PROBLEM TO WORK ON: Say how many lines in the records contain the string "розовый". Nothing but the number should be given.

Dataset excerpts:
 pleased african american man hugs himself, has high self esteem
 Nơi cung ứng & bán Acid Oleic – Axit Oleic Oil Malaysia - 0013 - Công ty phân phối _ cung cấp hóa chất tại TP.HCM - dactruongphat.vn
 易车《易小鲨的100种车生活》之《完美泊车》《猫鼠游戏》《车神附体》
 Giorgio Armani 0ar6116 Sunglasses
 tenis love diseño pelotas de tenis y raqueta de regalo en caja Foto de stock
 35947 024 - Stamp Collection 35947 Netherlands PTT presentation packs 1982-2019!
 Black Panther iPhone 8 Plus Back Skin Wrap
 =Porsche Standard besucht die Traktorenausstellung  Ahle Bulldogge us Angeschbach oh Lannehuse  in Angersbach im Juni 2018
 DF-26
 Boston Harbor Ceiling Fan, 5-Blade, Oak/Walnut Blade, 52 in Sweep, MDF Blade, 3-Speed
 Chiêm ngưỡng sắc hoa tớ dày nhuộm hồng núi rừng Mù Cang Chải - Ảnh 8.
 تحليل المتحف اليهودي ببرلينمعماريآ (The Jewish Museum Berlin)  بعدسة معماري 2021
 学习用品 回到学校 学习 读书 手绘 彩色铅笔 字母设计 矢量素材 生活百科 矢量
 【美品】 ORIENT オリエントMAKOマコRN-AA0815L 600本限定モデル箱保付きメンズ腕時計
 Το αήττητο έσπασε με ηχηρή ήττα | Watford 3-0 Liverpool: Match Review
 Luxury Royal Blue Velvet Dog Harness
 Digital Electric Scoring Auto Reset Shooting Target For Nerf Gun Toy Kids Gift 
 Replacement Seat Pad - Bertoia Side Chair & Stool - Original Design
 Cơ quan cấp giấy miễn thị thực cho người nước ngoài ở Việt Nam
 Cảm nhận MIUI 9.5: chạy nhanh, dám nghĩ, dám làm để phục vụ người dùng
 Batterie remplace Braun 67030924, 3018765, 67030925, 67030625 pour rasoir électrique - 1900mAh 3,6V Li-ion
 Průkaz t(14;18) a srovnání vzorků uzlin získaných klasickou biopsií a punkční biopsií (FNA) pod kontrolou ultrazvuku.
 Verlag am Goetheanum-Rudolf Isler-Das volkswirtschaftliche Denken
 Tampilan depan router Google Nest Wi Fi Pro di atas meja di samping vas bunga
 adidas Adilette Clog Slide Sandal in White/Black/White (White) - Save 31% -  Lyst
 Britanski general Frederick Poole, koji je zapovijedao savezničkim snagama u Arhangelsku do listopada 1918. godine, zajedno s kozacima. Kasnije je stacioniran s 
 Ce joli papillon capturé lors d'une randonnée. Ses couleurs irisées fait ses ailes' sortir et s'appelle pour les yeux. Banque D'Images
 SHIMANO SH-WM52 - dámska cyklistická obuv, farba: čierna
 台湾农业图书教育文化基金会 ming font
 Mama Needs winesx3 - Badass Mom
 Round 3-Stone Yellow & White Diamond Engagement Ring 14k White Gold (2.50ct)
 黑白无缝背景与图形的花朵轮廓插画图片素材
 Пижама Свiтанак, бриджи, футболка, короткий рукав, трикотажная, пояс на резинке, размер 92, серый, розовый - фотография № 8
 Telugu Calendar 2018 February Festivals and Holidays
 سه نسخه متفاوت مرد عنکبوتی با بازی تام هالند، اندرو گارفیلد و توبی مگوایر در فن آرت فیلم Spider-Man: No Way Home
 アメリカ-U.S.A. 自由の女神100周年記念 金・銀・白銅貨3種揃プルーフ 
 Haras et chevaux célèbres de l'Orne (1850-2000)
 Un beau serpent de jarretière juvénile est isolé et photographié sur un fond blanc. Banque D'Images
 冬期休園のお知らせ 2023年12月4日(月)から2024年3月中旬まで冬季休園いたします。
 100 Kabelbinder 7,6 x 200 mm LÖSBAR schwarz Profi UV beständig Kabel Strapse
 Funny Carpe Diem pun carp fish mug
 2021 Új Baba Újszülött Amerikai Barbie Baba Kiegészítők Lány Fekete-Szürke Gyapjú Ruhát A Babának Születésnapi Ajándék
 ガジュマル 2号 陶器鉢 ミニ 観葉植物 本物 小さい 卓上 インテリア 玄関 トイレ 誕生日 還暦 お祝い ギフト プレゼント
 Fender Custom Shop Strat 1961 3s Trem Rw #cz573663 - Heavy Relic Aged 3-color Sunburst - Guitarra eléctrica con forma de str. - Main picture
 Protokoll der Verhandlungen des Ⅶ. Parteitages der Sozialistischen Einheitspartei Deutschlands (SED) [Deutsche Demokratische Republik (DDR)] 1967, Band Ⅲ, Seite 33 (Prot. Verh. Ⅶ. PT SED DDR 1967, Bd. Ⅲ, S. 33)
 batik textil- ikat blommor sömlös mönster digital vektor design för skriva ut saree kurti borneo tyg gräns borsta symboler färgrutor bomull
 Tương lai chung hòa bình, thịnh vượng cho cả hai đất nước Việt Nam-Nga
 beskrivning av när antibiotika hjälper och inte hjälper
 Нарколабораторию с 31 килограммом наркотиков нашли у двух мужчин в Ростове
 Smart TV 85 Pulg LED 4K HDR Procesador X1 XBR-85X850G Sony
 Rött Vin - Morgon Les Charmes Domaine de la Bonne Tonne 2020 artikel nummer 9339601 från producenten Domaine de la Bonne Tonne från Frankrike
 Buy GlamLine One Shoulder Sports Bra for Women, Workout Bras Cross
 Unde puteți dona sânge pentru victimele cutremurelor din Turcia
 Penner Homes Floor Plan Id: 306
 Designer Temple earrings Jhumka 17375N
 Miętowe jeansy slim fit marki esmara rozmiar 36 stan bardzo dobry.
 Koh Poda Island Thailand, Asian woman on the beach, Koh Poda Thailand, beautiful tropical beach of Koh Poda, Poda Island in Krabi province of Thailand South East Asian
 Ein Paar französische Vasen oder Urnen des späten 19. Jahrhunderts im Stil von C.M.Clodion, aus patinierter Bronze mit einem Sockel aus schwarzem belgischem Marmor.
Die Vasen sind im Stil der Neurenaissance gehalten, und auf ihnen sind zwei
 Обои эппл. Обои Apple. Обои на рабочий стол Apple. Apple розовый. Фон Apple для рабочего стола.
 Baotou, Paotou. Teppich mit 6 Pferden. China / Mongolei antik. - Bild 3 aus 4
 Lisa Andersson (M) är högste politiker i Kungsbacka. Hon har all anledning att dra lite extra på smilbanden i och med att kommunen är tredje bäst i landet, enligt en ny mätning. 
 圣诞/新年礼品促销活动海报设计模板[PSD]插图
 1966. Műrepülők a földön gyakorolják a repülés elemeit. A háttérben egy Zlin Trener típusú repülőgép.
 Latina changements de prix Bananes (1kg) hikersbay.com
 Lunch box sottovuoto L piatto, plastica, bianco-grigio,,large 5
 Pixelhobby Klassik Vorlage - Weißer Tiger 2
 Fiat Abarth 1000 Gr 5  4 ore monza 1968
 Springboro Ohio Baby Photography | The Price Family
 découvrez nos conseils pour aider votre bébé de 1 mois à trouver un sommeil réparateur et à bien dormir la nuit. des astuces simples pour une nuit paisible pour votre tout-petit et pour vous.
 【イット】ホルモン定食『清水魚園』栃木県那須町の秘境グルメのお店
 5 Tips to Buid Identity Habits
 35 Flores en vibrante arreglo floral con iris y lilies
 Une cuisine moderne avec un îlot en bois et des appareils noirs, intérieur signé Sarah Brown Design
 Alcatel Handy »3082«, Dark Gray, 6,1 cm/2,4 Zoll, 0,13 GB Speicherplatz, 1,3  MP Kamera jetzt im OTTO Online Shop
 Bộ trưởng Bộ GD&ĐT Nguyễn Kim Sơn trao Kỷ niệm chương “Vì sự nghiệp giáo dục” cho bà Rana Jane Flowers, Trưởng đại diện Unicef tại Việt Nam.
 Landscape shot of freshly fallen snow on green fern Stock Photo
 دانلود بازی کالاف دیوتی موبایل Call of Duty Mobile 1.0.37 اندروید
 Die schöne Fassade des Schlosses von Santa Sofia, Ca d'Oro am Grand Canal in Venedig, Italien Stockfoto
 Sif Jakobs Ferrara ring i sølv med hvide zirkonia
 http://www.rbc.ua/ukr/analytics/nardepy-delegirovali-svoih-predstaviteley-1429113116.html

REPLY TO THE TASK: 2